I have the following coupled differential equations: $$m\ddot x=-\frac{x}{(x^2+y^2)^{3/2}}$$ $$m\ddot y=-\frac{y}{(x^2+y^2)^{3/2}}$$ I've tried defining $\eta=x+iy$ and multiplying the equation of $m\ddot y$ by $i$ but this didn't work due to the $x^2+y^2$ on the bottom splitting into $(x+iy)(x-iy)$. The $(x^2+y^2)^{3/2}$ on the bottom makes it seem like there isn't a nice analytic solution to this, however it just describes a radial field, so with intial velocity of $0$ it should come out with a straight line.

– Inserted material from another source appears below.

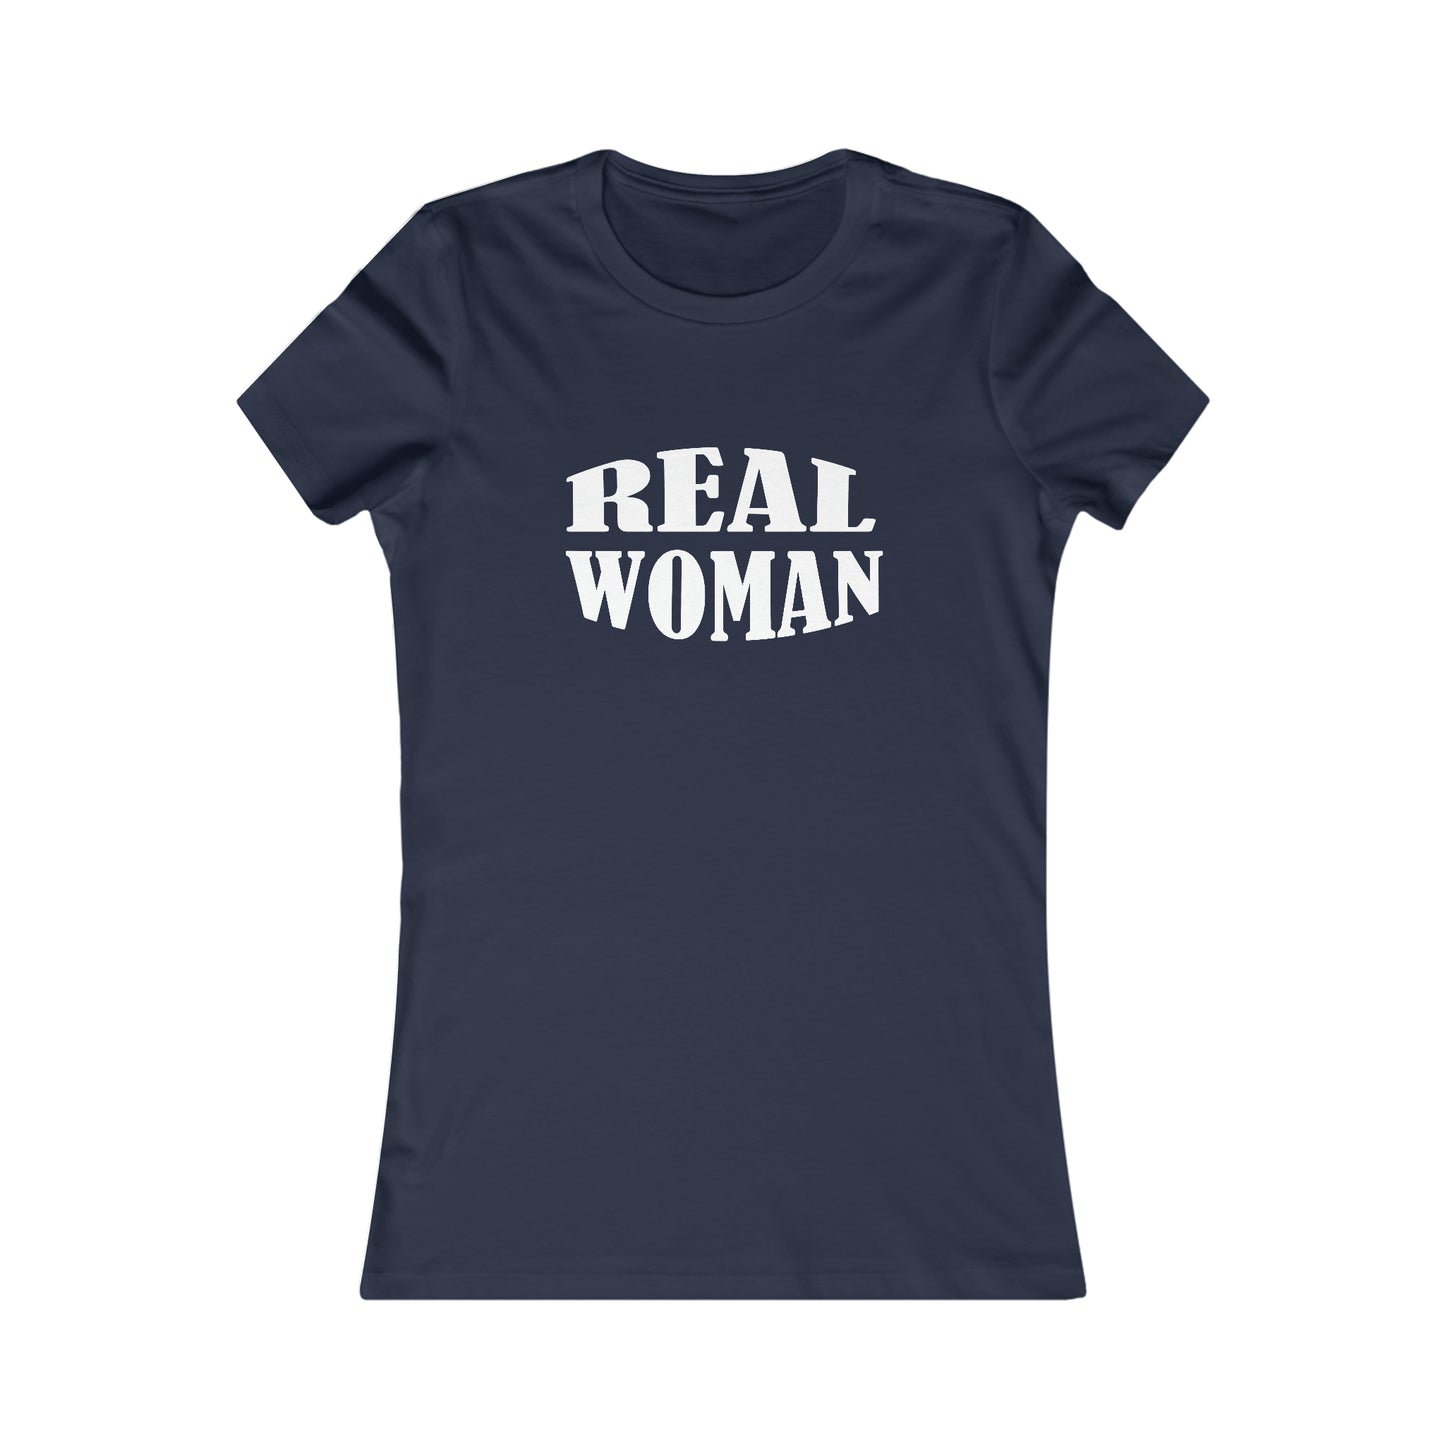 Real Woman T-Shirt For Genuine Woman TShirt For Natural Born Woman T Shirt For Female Shirt For Inspirational Gift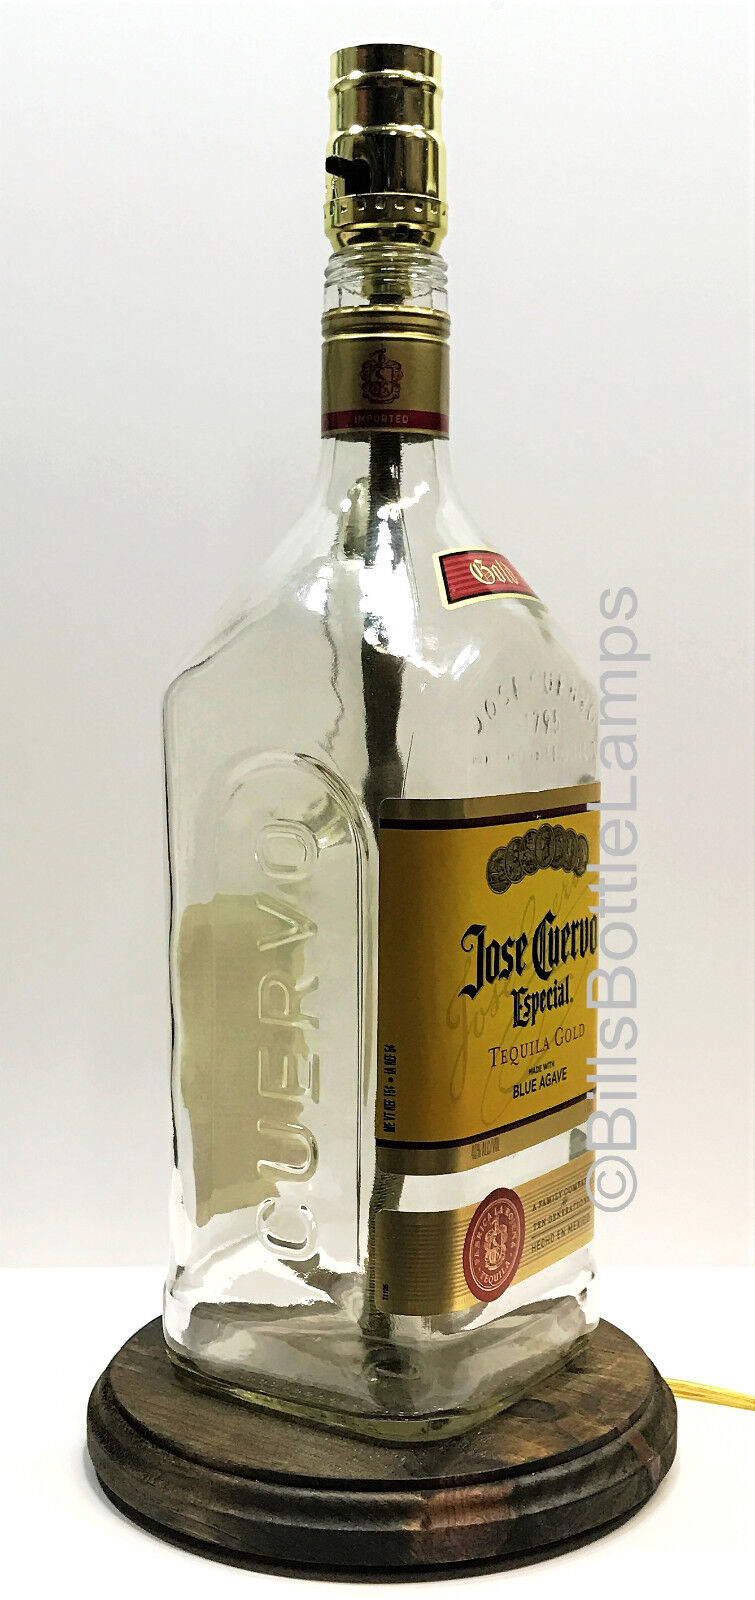 JOSE CUERVO ESPECIAL GOLD Large 1.75L Liquor Bottle TABLE LAMP Light & Wood Base BillsBottleLamps.com - фотография #2

Any help would be appreciated, thanks.
This is the motion of a mass $m$ in the gravitational potential $-\frac1{\sqrt{x^2+y^2}}$. Thus a constant of motion is the energy $$ E(x,\dot x)=\frac m2 (\dot x^2+\dot y^2)-\frac1{\sqrt{x^2+y^2}}=const. $$ A second constant is obtained from $$ x\ddot y-y\ddot x=0\implies x\dot y-y\dot x=const. $$
As is classical, the solutions are the Kepler ellipses.
Inserting polar coordinates leads to $$ r^2\dot \phi=L $$ and \begin{align} E&=\frac{m}2(\dot r^2+r^2\dot\phi^2)-\frac1r =\frac{m}2\left(\dot r^2+\frac{L^2}{r^2}-\frac2{mr}\right) \\&=\frac{m}2\left(\dot r^2+\left(\frac{L}{r}-\frac1{mL}\right)^2\right)-\frac1{2mL^2} \end{align} which allows to reduce by one dimension by inserting a circle parametrization and so on.